-- Records to use follows --
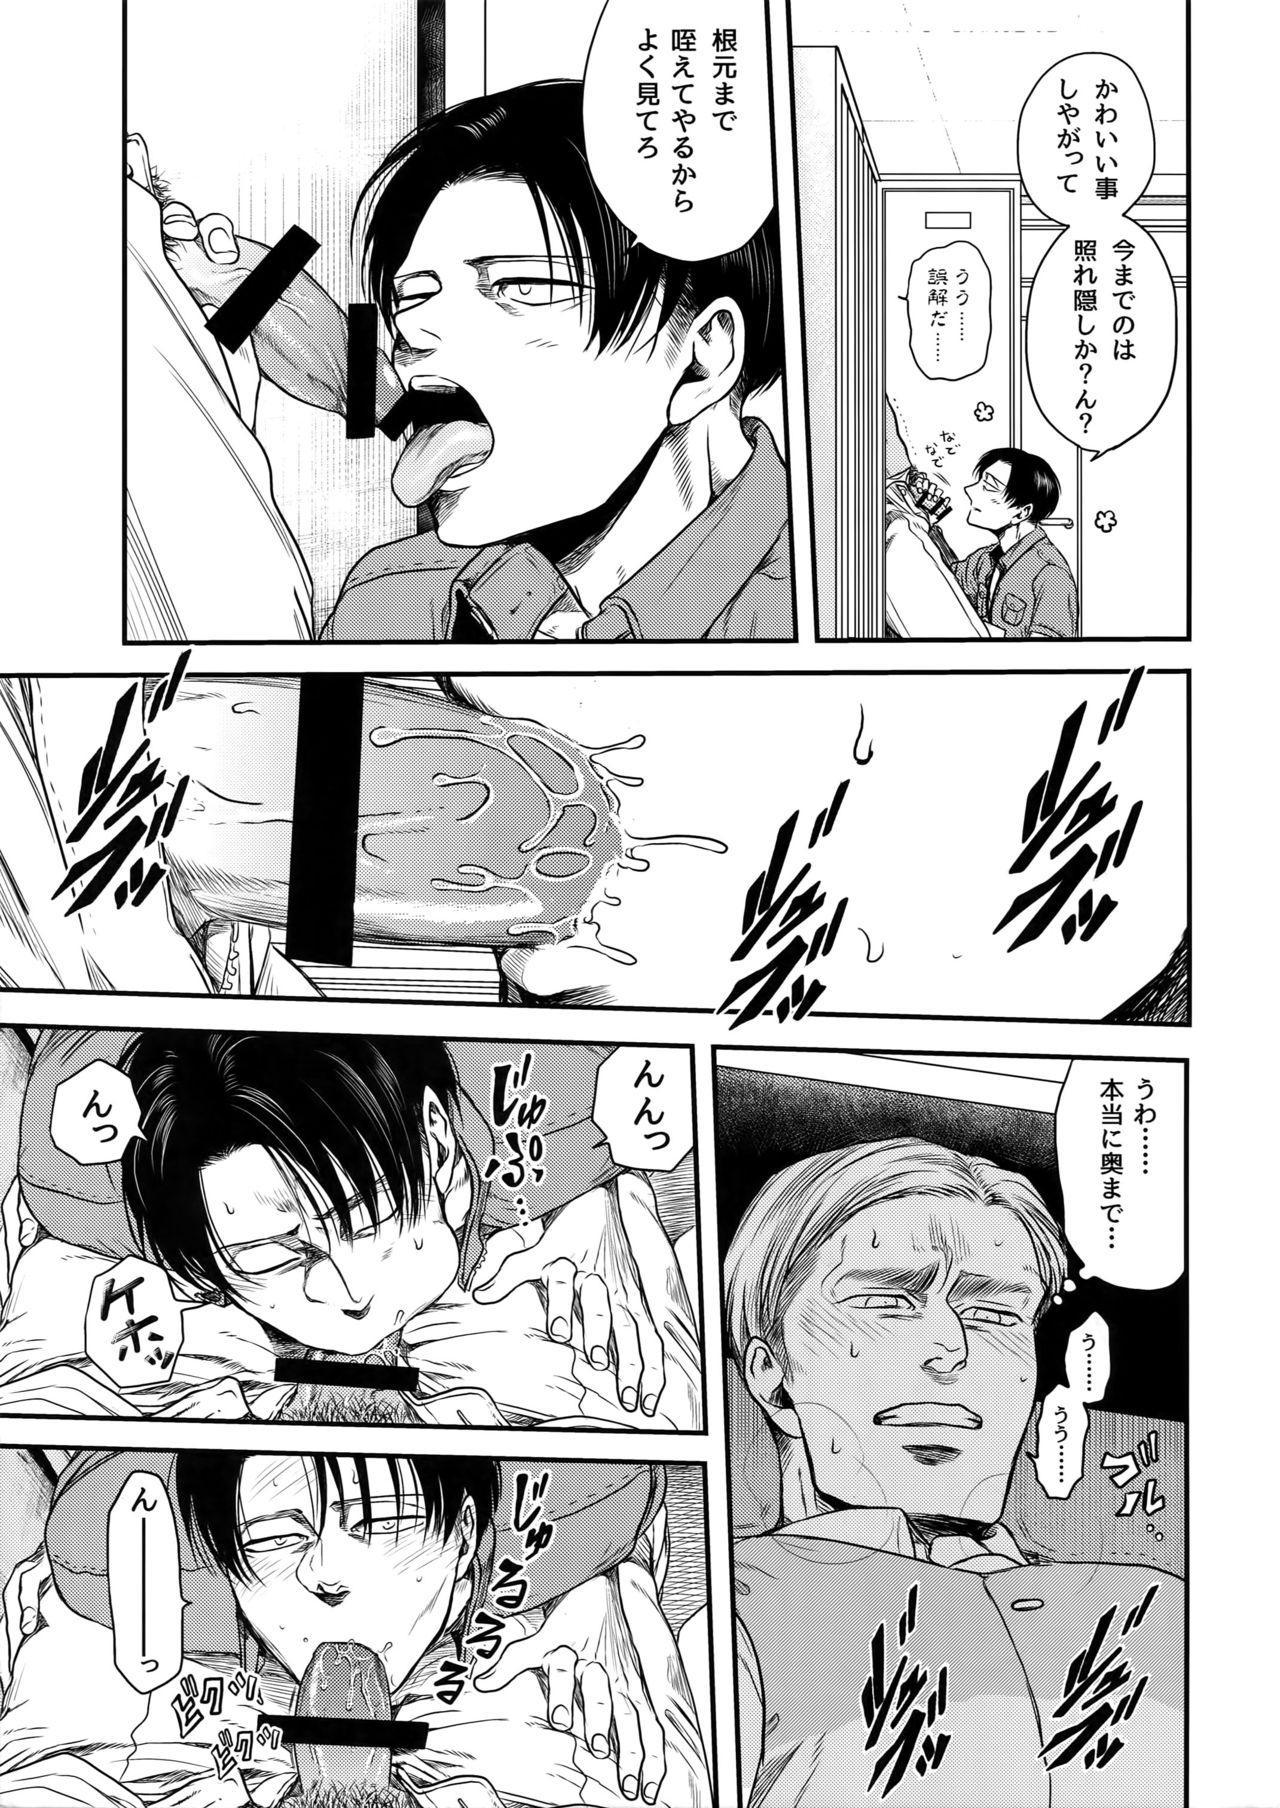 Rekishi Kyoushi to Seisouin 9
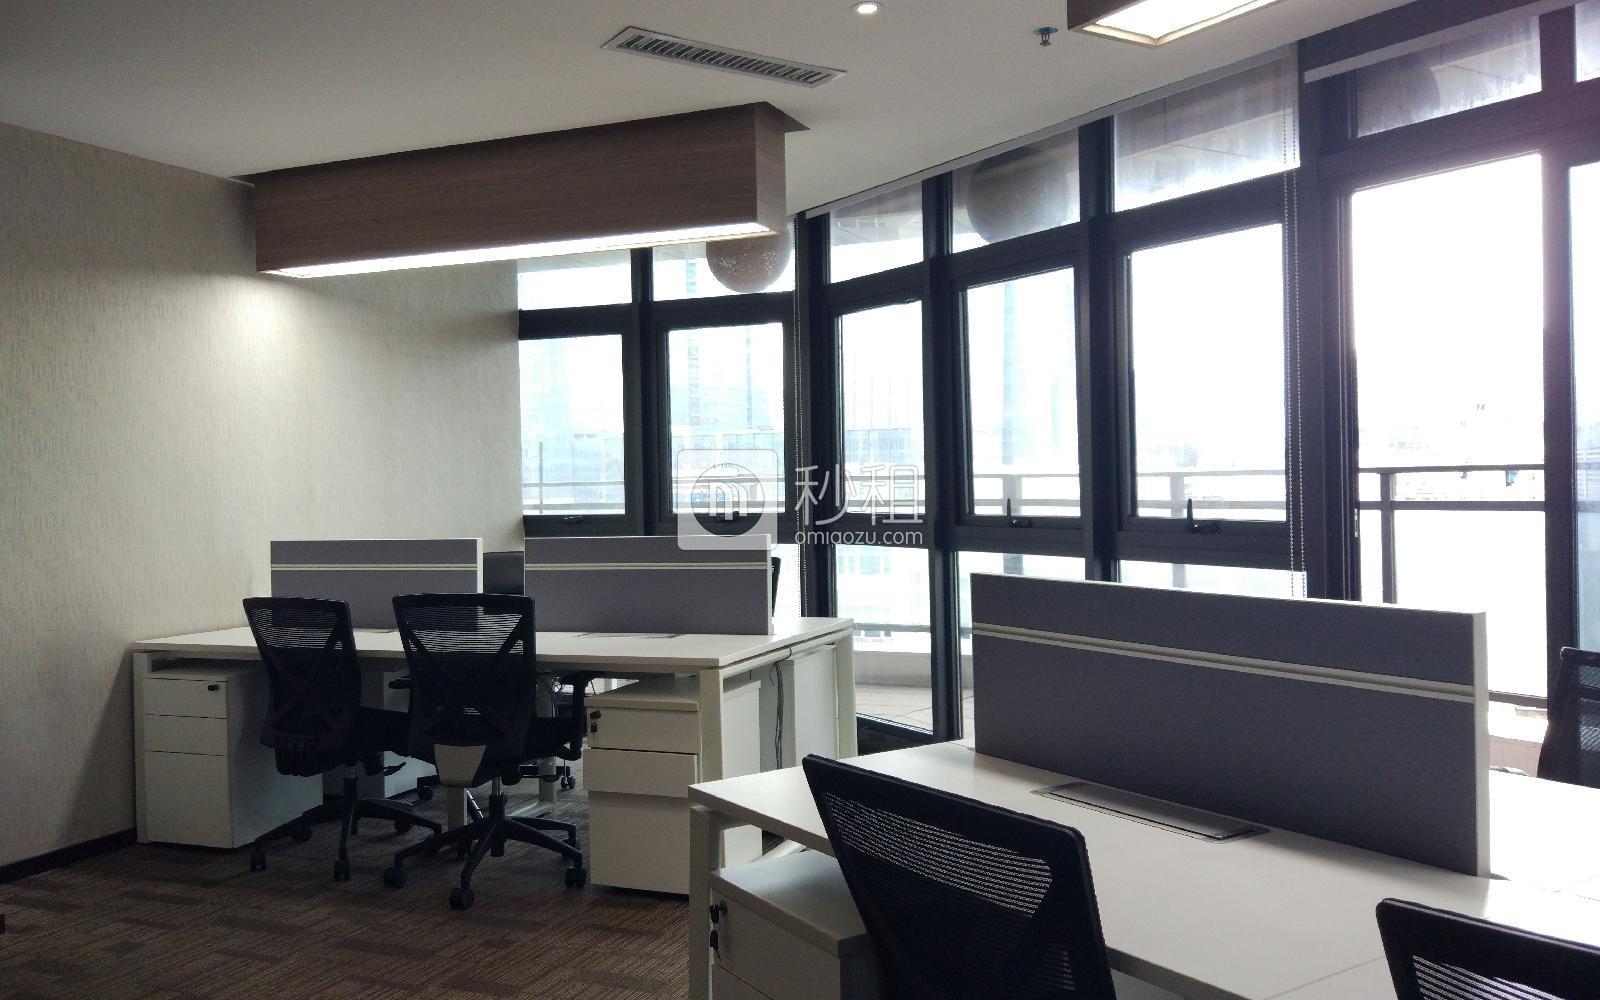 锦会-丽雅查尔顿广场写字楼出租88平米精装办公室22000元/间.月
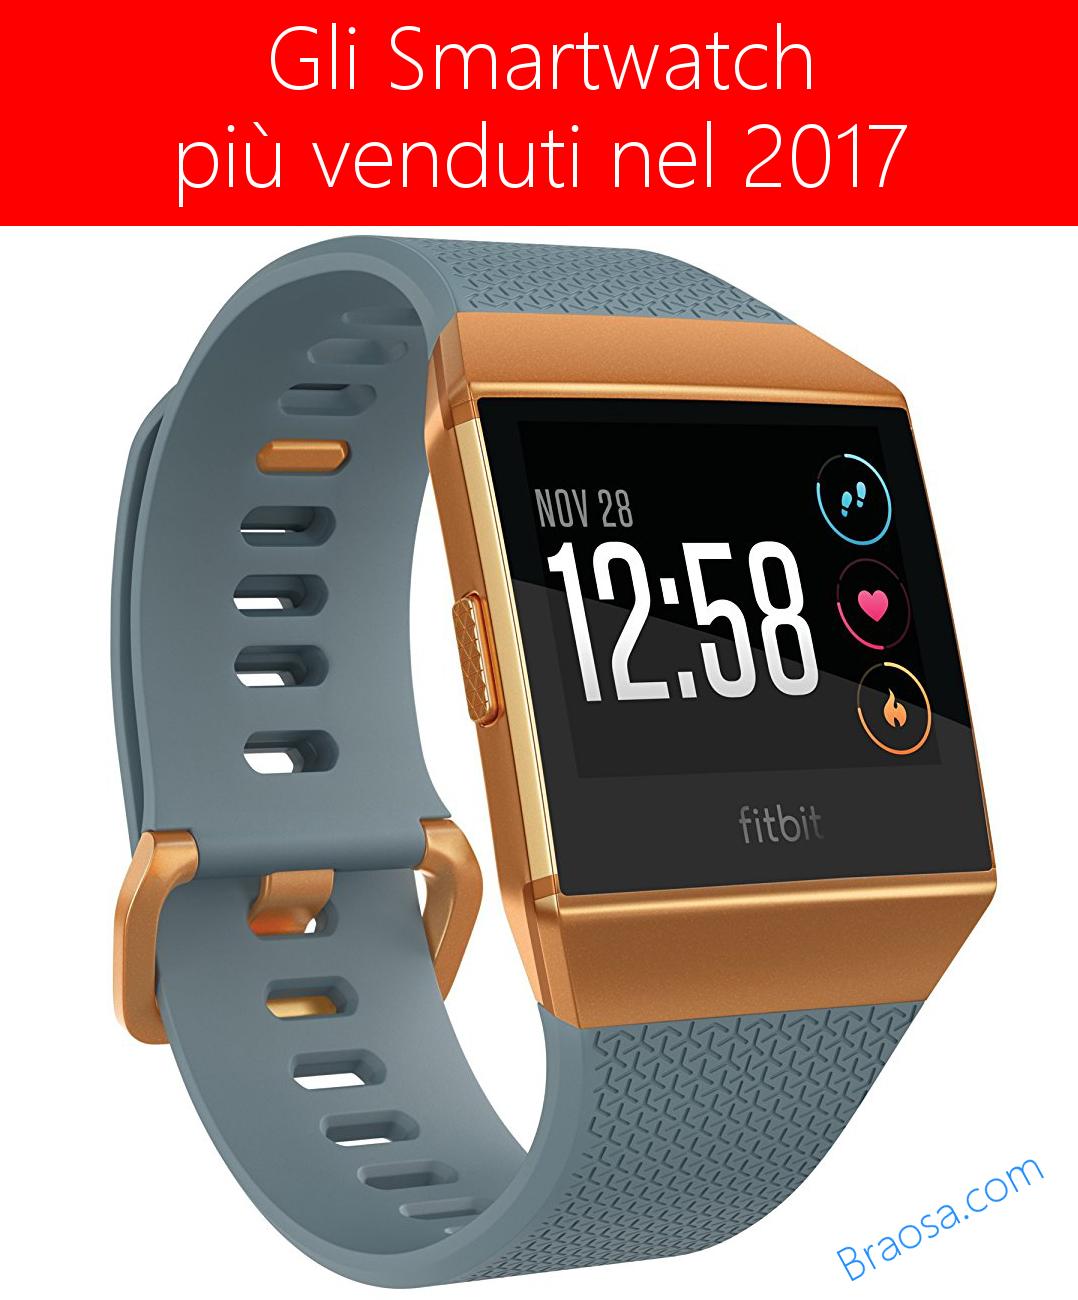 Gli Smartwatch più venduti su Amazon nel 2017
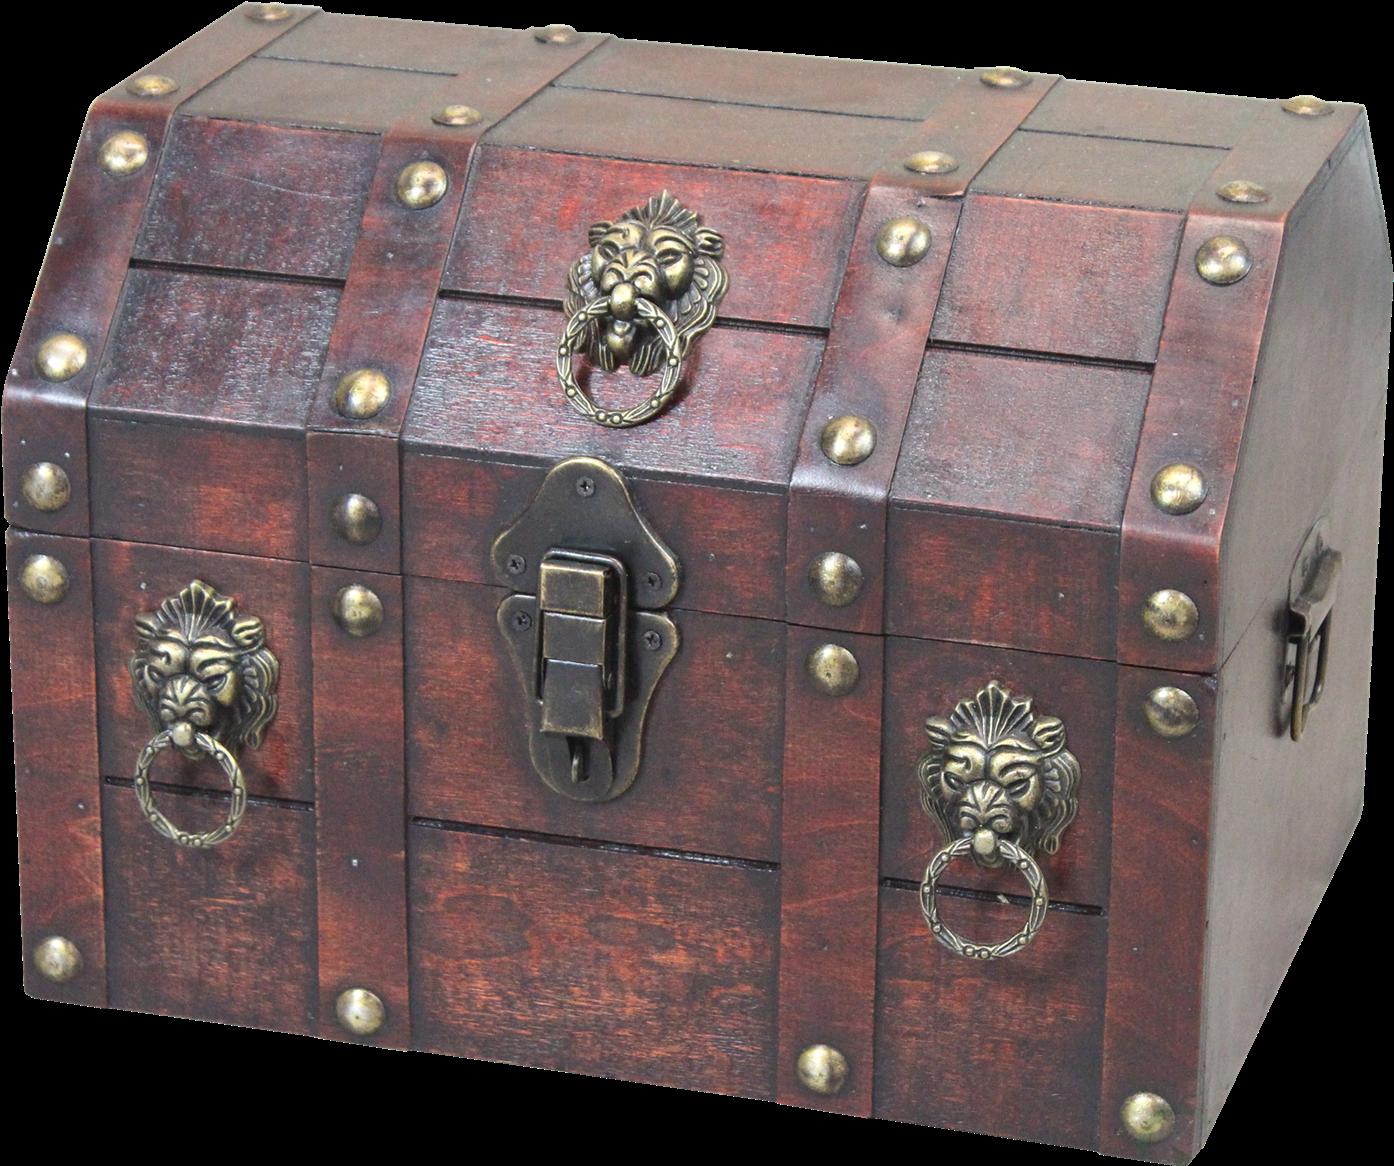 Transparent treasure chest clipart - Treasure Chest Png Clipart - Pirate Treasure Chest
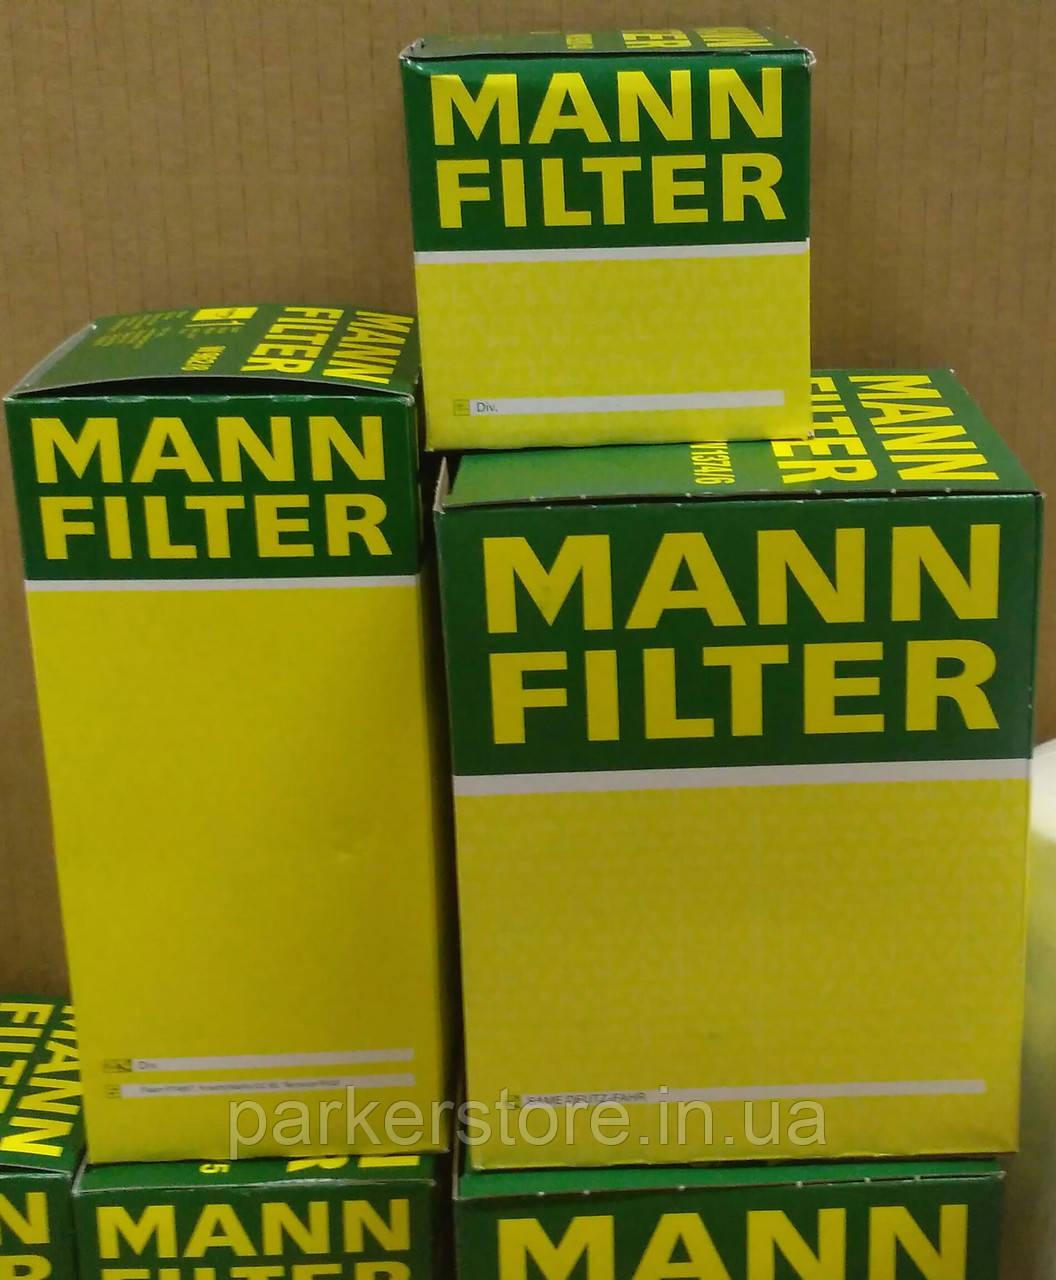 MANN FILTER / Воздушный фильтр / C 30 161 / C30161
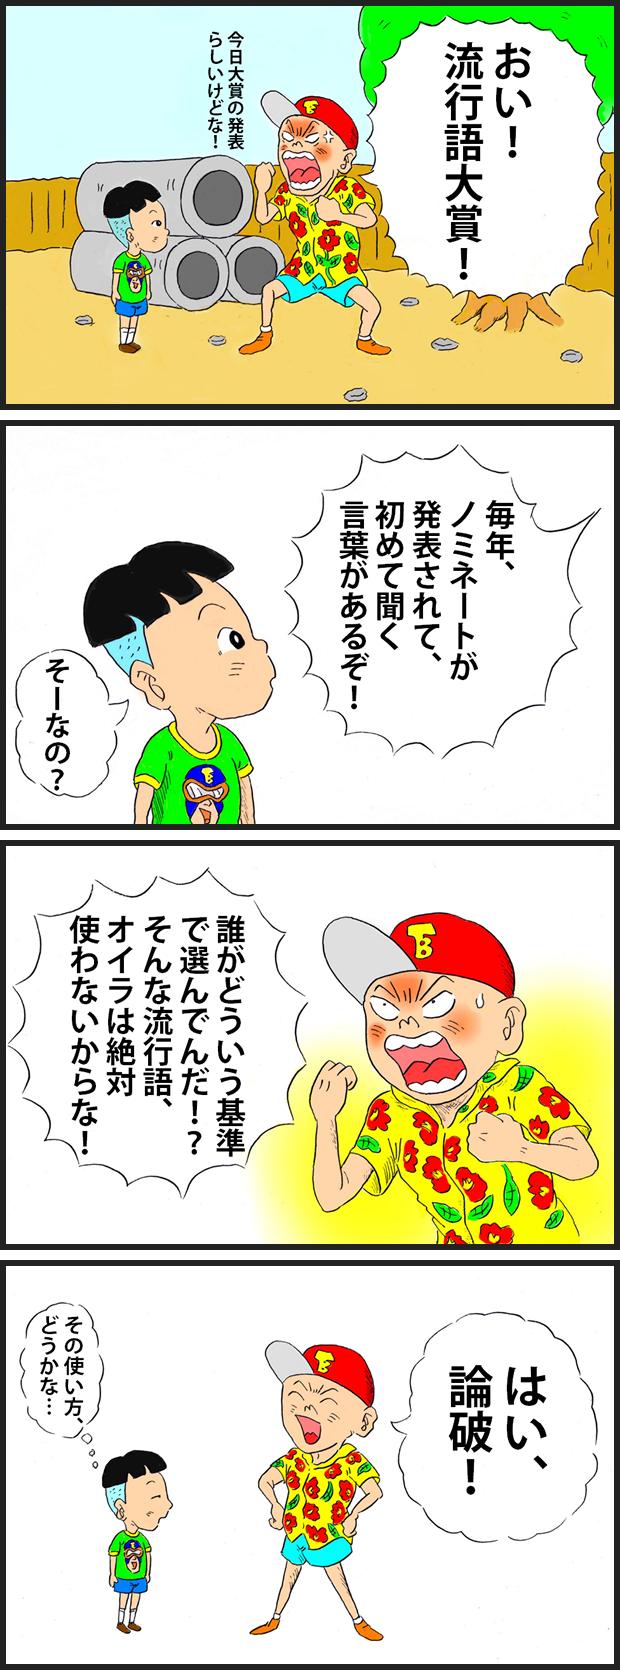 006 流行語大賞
-- Records to use concluded --
Repeat verbatim all the material, but not the pictures.

### Answer to the exercise
 Rekishi Kyoushi to Seisouin 9
 锦会-丽雅查尔顿广场写字楼出租88平米精装办公室22000元/间.月
 Gli Smartwatch più venduti su Amazon nel 2017
 Transparent treasure chest clipart - Treasure Chest Png Clipart - Pirate Treasure Chest
 MANN FILTER / Воздушный фильтр / C 30 161 / C30161
 006 流行語大賞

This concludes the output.